ZLBT Chats

Saturday, June 13, 2009

Dow swings to a positive 2009; S&P 500 at 7 month high

Stocks have been lukewarm this week, as investors watch to see whether the multimonth rally will indeed extend into the summer as oil recoiled slightly while gas prices rallied into it's 45th straight days.



The Dow finished up 28.34 points, or 0.32%, at 8799.26, while the S&P 500 was up 1.32 points, or 0.14%, at 946.21. The Nasdaq was off by 3.57, or 0.19%, at 1858.80.The S&P has risen 39.8 percent since hitting a 12-year closing low on March 9, leading some analysts to believe a pullback is in the offing.

For the week, the Dow gained 0.4 percent, its 12th weekly advance in the last 14.

The Dow has logged its biggest 14-week gain since 1975 in that span. The S&P 500 added 0.7 percent and the Nasdaq rose 0.5 percent. its highest close since Nov. 5. The S&P 500 is up 40% from its 12-and-a-half year closing low on March 9. The technology-oriented Nasdaq Composite gained 0.5% on the week, bringing it 47% above its March 9 low. For the year, the blue-chip Dow average is up 0.26 percent.

Fragile financials
Analysts said many banks are still relatively fragile and another financial shock could derail a recovery in its very early stages.

"The big picture is that we have an [economic] recovery but we don't have a solid [financial] system," said Lorenzo Di Mattia, manager of hedge fund Sibilla Global Fund. "The recovery is in place (partly) because no (major) financial institutions have failed since September."

Another unfamiliar visitor to the stock market in June: calm
"Every single close of the S&P 500 in June has been within 10 points of 940," said Dan Peirce, a portfolio manager at State Street Global Advisors. "Who turned off that swing?"


Flabbergasted oil & gas prices
Pump prices added less than a penny overnight to a new national average of $2.639 a gallon.
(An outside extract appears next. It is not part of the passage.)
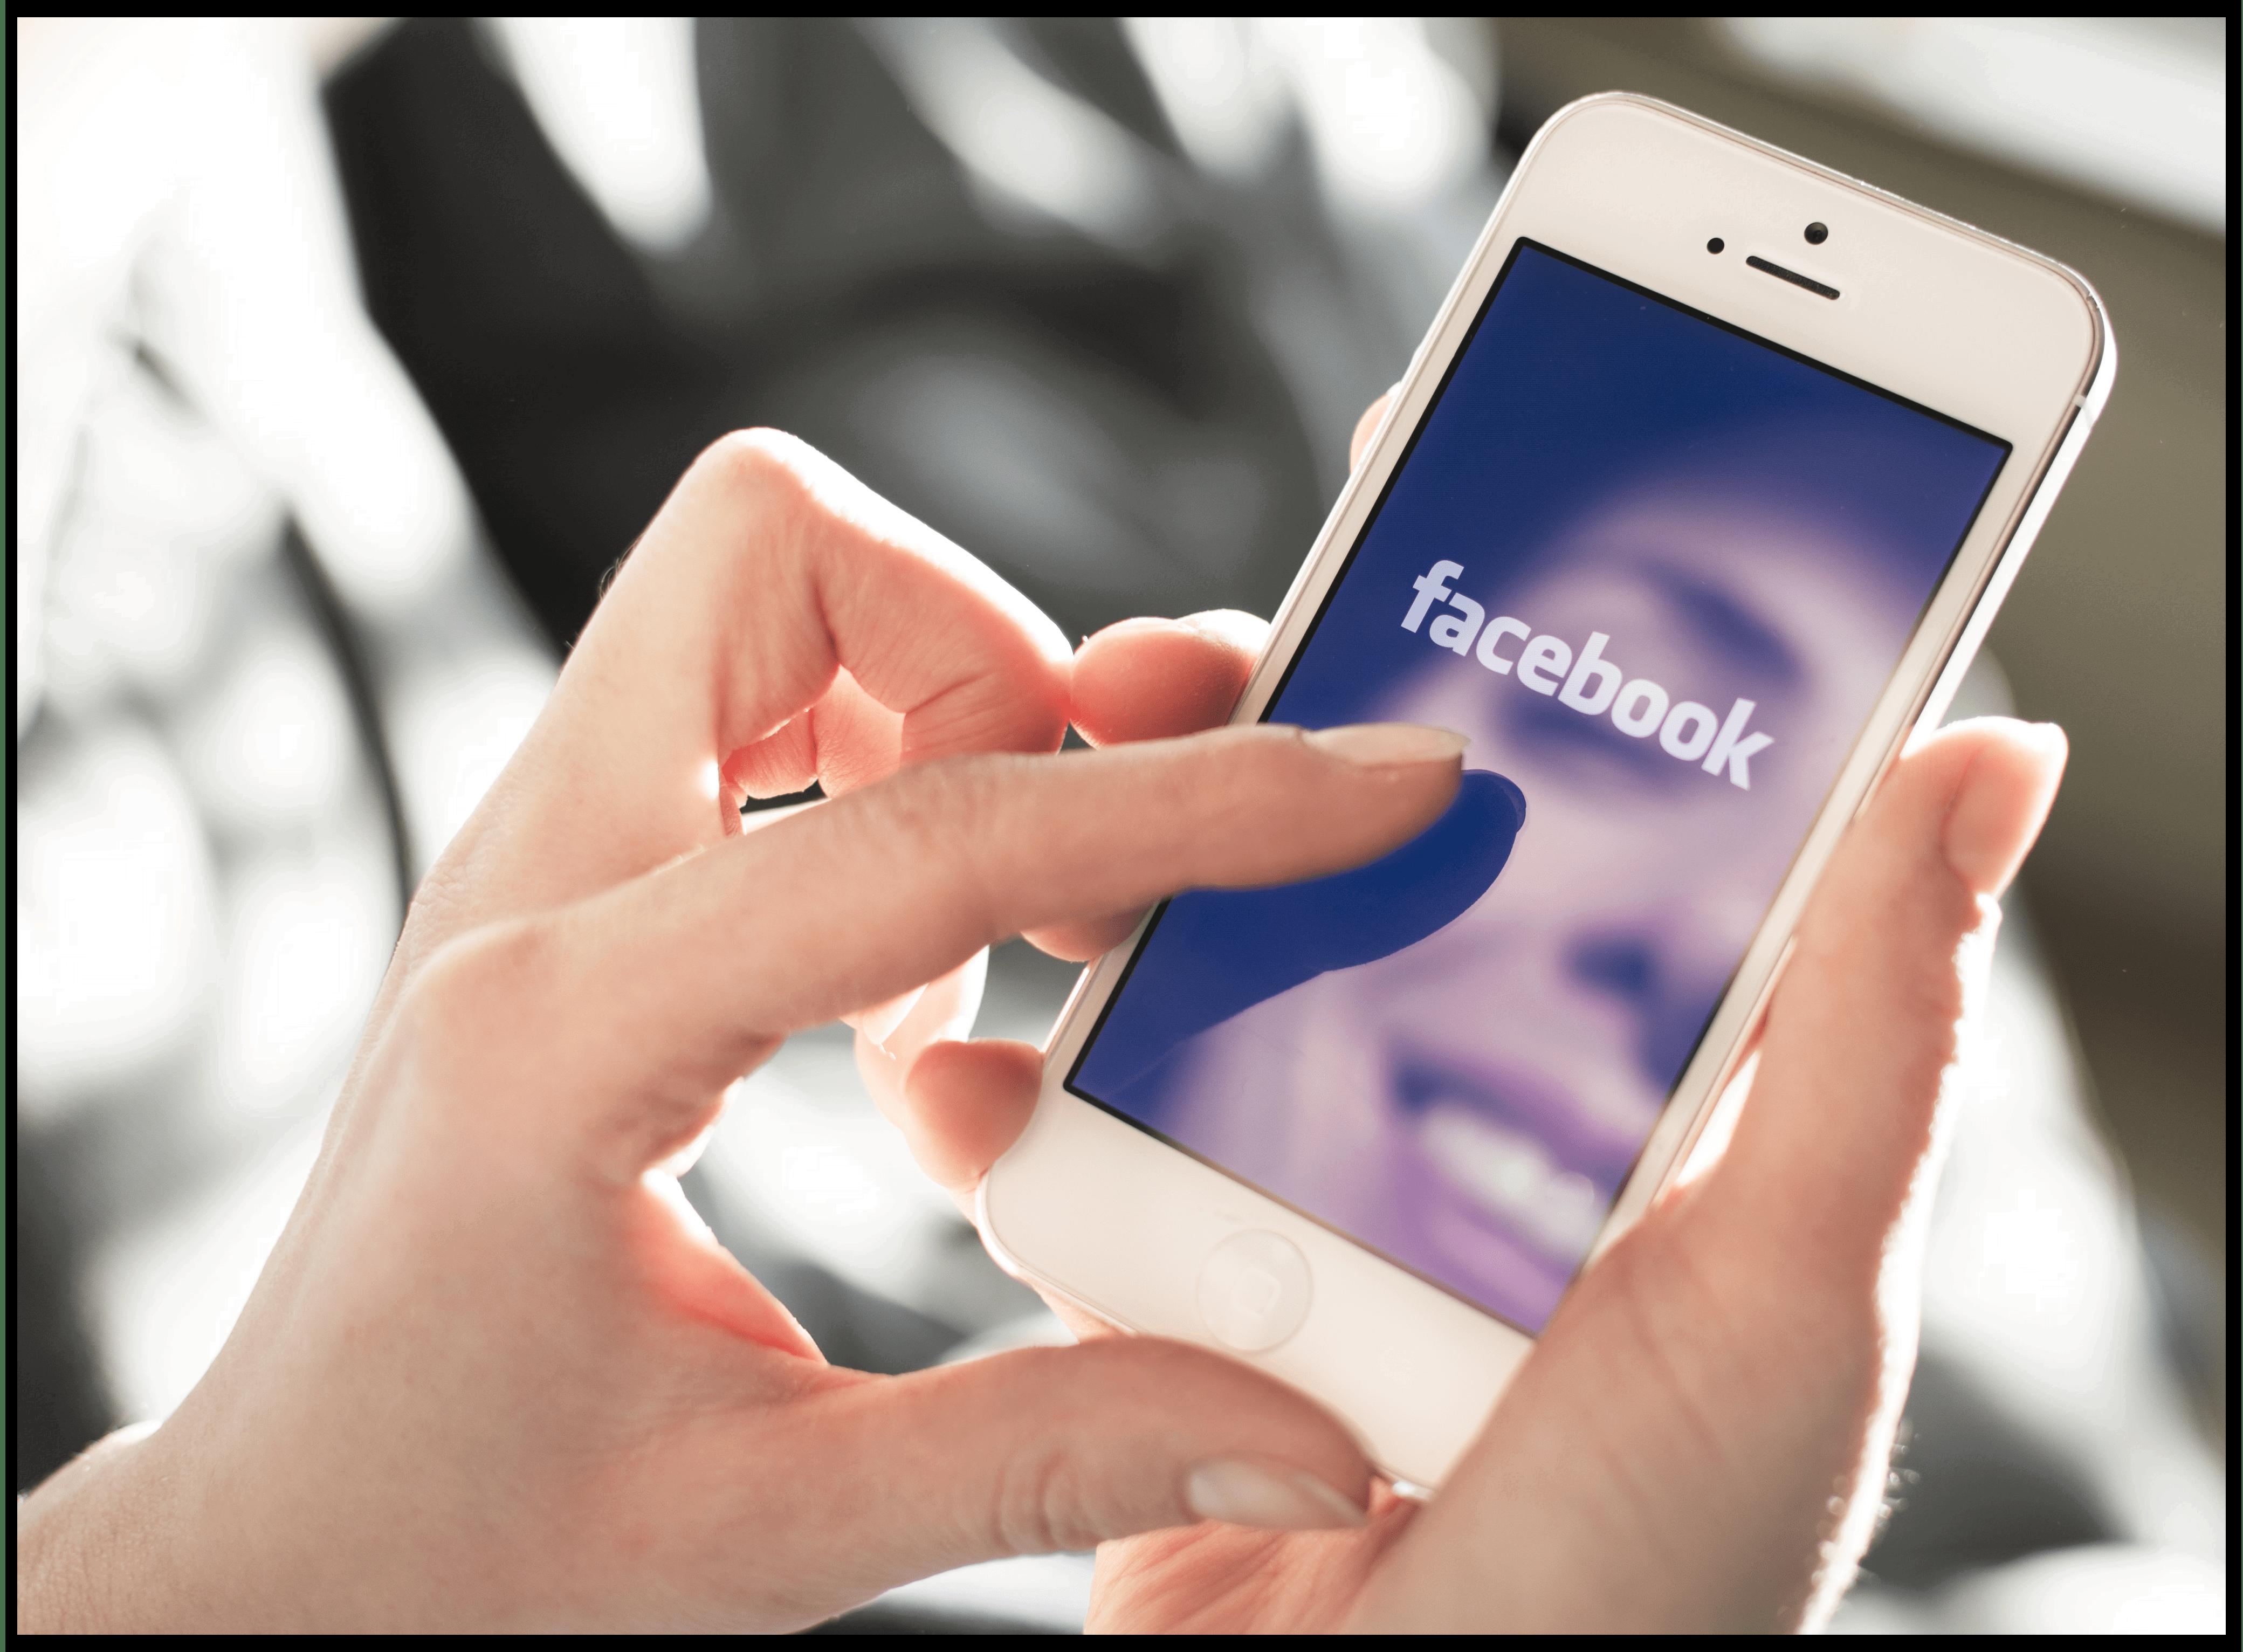 Kartinka-Facebook-dlya-telefona.png
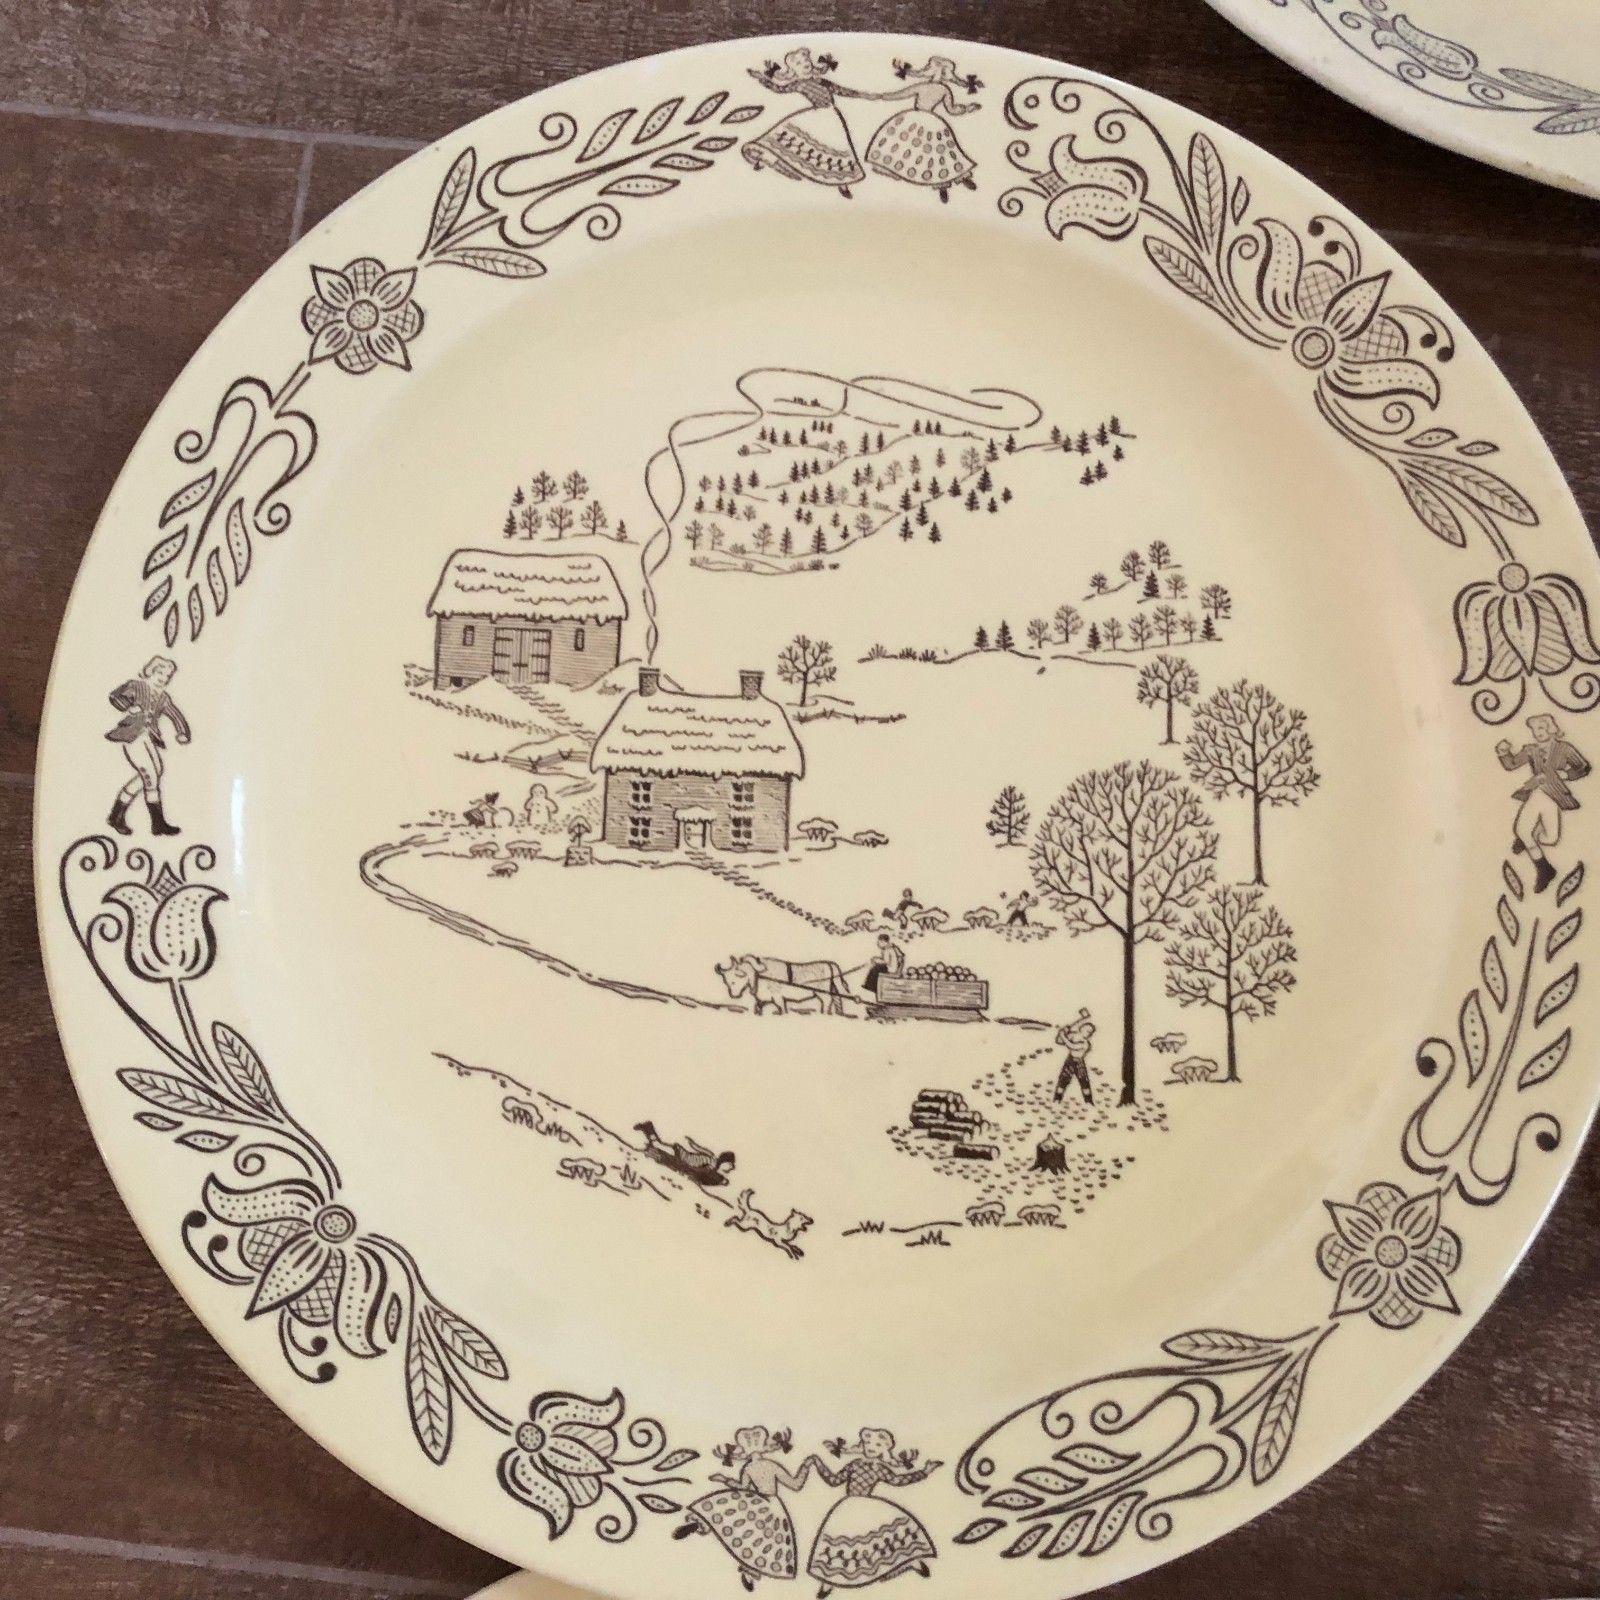 Bucks County china vintage serving platter salt pepper Sebring Ohio royal lot

Crude prices are surging as well, but not as consistently as gasoline.
Benchmark crude for July delivery fell 64 cents to settle at $72.04 on the New York Mercantile Exchange, the first time oil prices have fallen in several days.


Oil producing countries are also pulling back, part of the reason that crude hit new eight-month highs this week, peaking Thursday at $73.23 a barrel. Oil prices have more than doubled since March even though demand is down for the year and American storage tanks are bloated with a huge surplus.

On Friday, the Organization of Petroleum Exporting Countries dropped its daily demand forecast by 230,000 barrels, estimating that global consumption would shrink to 83.8 million barrels a day.

The Dollar rebound off low
And then there is the money flooding in from Wall Street. Investors fleeing the falling U.S. currency have parked a lot of money in commodity markets. Because crude is priced in dollars, it also gets cheaper for investors overseas.

How long dollar-driven oil prices can remain at these levels is not known, with demand at current levels.